Supplied material: Begin
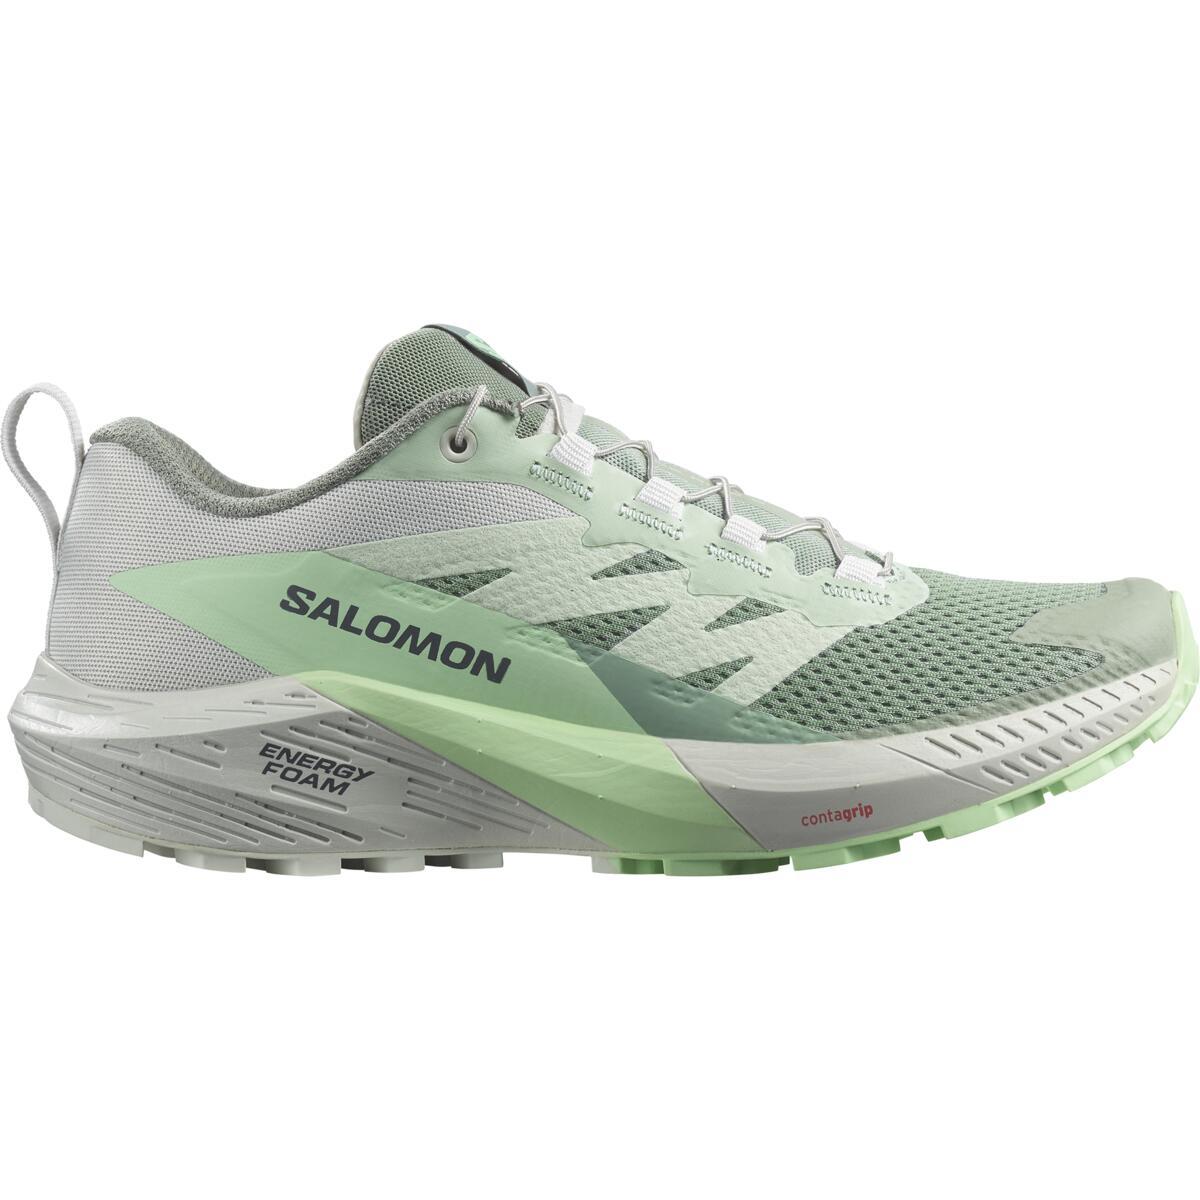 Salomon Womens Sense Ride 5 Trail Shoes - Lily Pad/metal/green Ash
Supplied material: End
Supplied material: Begin
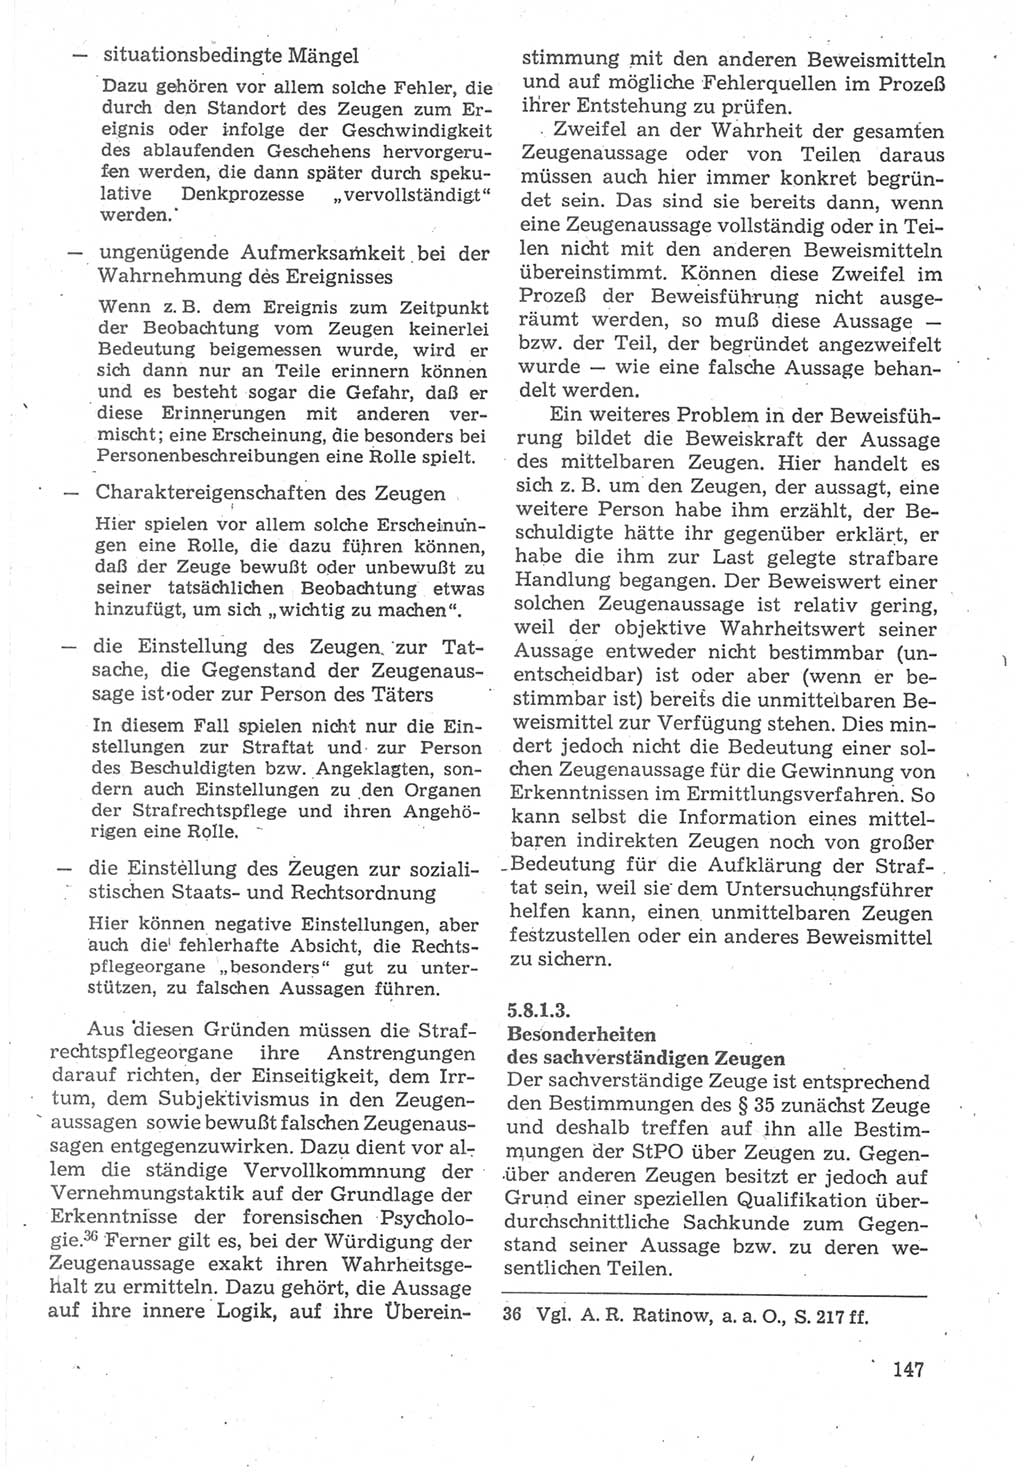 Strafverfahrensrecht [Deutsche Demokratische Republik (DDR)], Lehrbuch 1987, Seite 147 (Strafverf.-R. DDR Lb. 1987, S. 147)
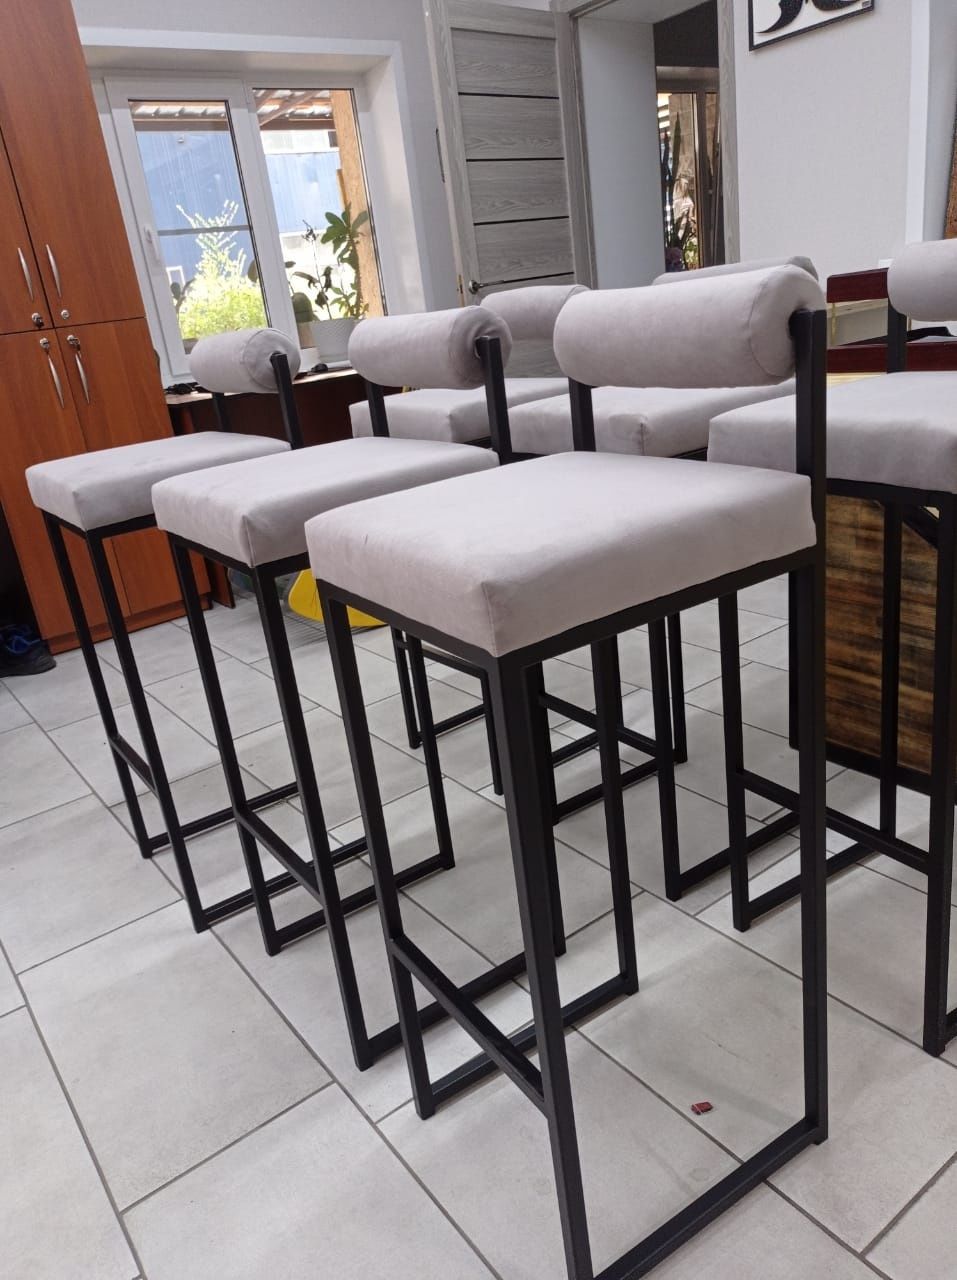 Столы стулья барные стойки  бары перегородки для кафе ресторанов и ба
Supplied material: End
Exercise prompt:
The copy should hold only the lines from the one with "Strafverfahrensrecht [Deutsche Demokratische" through the one with "Столы стулья барные", exactly as they stand above. Leave out the pictures.

Expected answer:
 Strafverfahrensrecht [Deutsche Demokratische Republik (DDR)], Lehrbuch 1987, Seite 147 (Strafverf.-R. DDR Lb. 1987, S. 147)
 Столы стулья барные стойки  бары перегородки для кафе ресторанов и ба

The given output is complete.